Critiques filtrées sur 5 étoiles  
Philippe Claudel nous présente de courts textes classés par ordre alphabétique. Un classement très pratique dans mon cas, pour retrouver un extrait qu'on désire relire.
Passé ce petit détail technique, nous entrons dans les souvenirs de l'auteur, certains liés à son enfance en Lorraine près de Nancy, d'autres en tant qu'adolescent, jeune adulte et enfin des souvenirs plus proches.
Une grande poésie se dégage de l'écriture, une sensibilité, un ton juste, une écriture précise et ciselée avec de très beaux mots pour décrire les ambiances, les parfums liés au thème choisi.
Son âge n'est pas loin du mien, je peux donc, à travers des mots, visualiser des objets que j'ai connus, des ambiances de villages pleins de vie , sentir des odeurs que j'ai emmagasinés dans ma mémoire.
J'avais le livre depuis sa sortie en 2012 avec comme très belle couverture - jaquette, une partie du tableau de Klimt," les trois âges de la femme " dont il parle dans son texte "Enfant".
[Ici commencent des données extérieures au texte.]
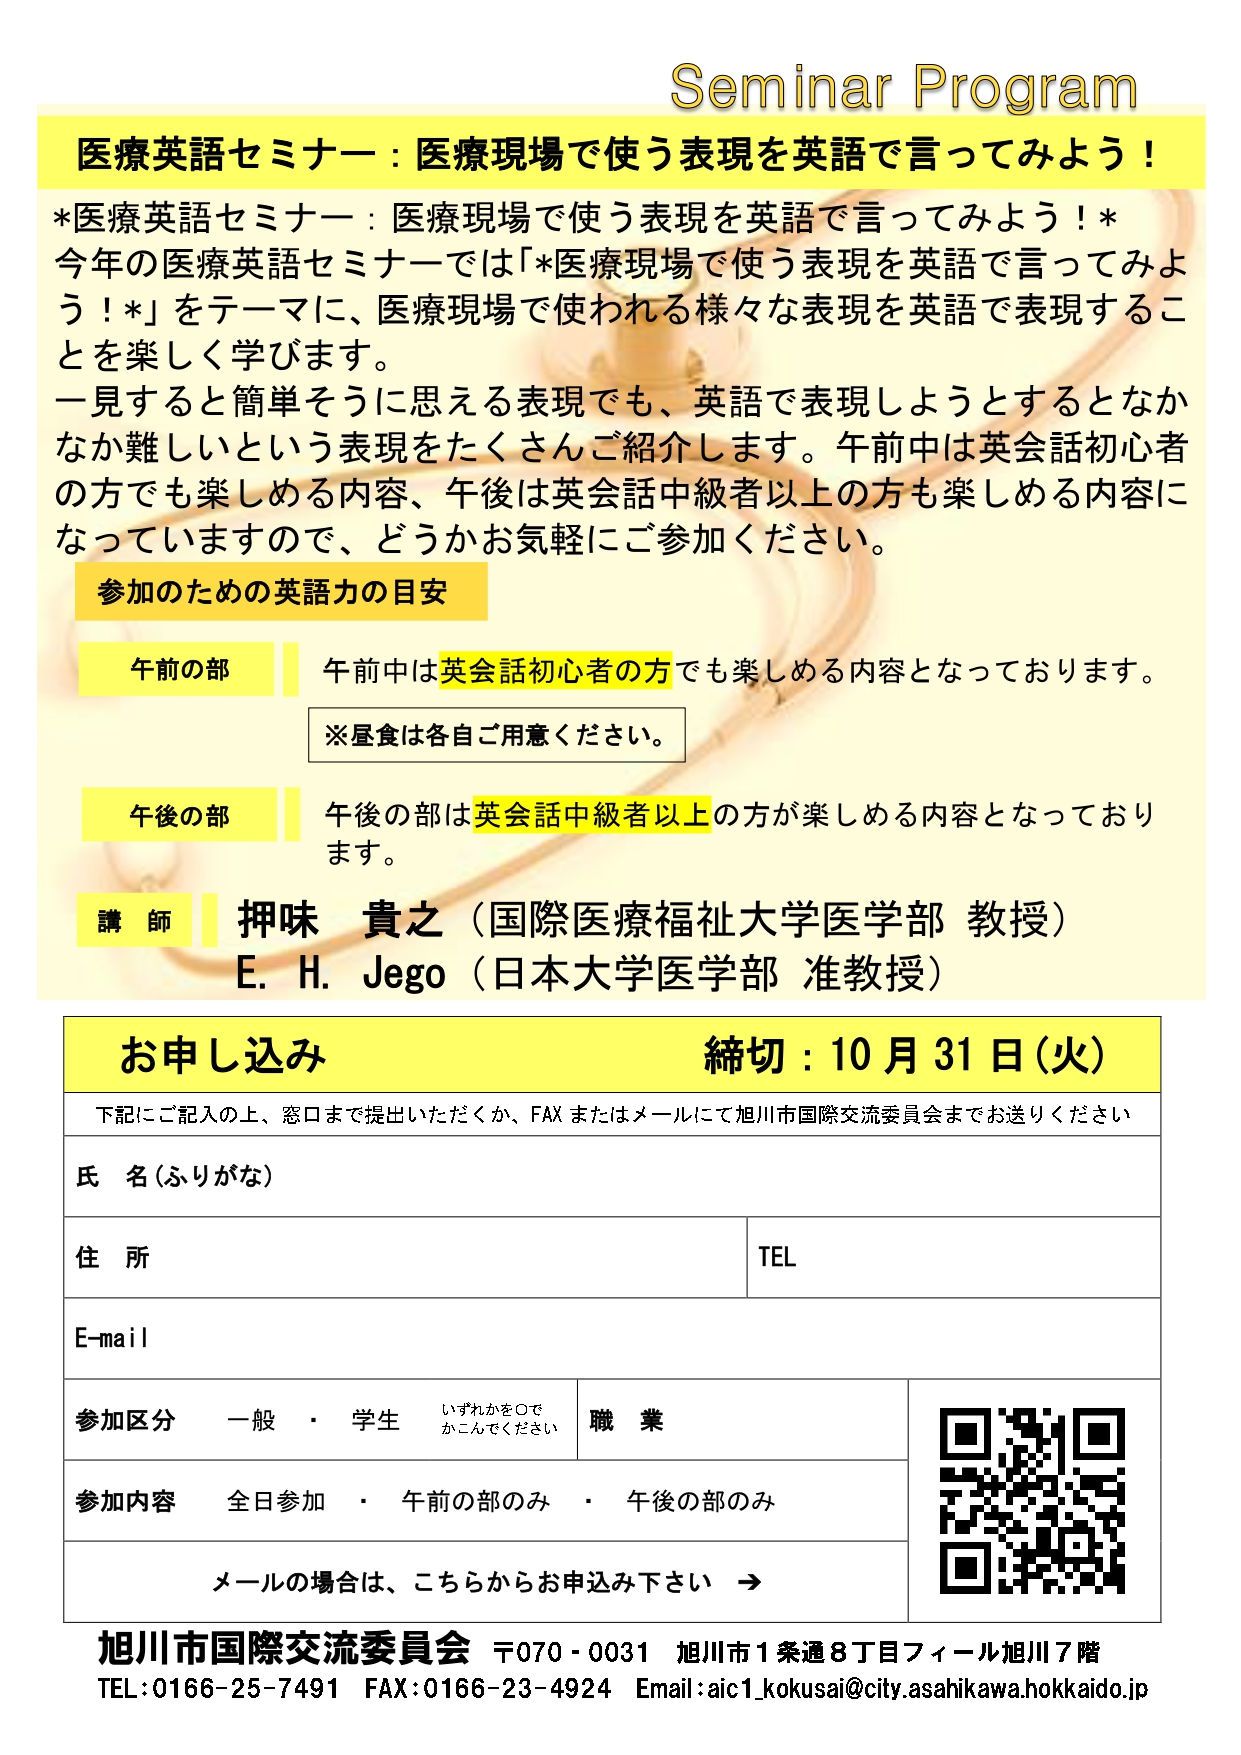 http://asahikawaic.jp/information/images/18thmedical_seminar.jpg

Je relis souvent mes textes préférés :
- Ail où le couteau de sa grand-mère le fait partir vers l'image du lapin qu'on tue et déshabille. L'image se dessine très précisément dans ma tête.
- le brouillard qui lui permet de rentrer au plus profond de lui-même.
- La cannelle qui nous donne cette bonne recette de vin chaud dont je me souviens quand j'en prépare.
- Dans La cave, il aborde le sujet de l'électricité que les personnes âgées n'allumaient que lorsqu'on n'y voyait presque plus rien. Un souvenir partagé chez une de mes grands-mères qui adorait papoter dans la pénombre avec ses visiteurs. On lui rappelait alors qu'il était peut-être nécessaire d'allumer.
- L'Église qui lui donne l'occasion de nous fournir des réflexions savoureuses.
- l'' École qui nous fait sentir l'ancienne odeur de la colle qui sentait l'amande...
...et bien d'autres souvenirs que j'ai partagés avec l'auteur ou d'autres textes sur des évènements, des sentiments , des ressentis que j'ai découverts .
Un livre qui ne se range jamais définitivement.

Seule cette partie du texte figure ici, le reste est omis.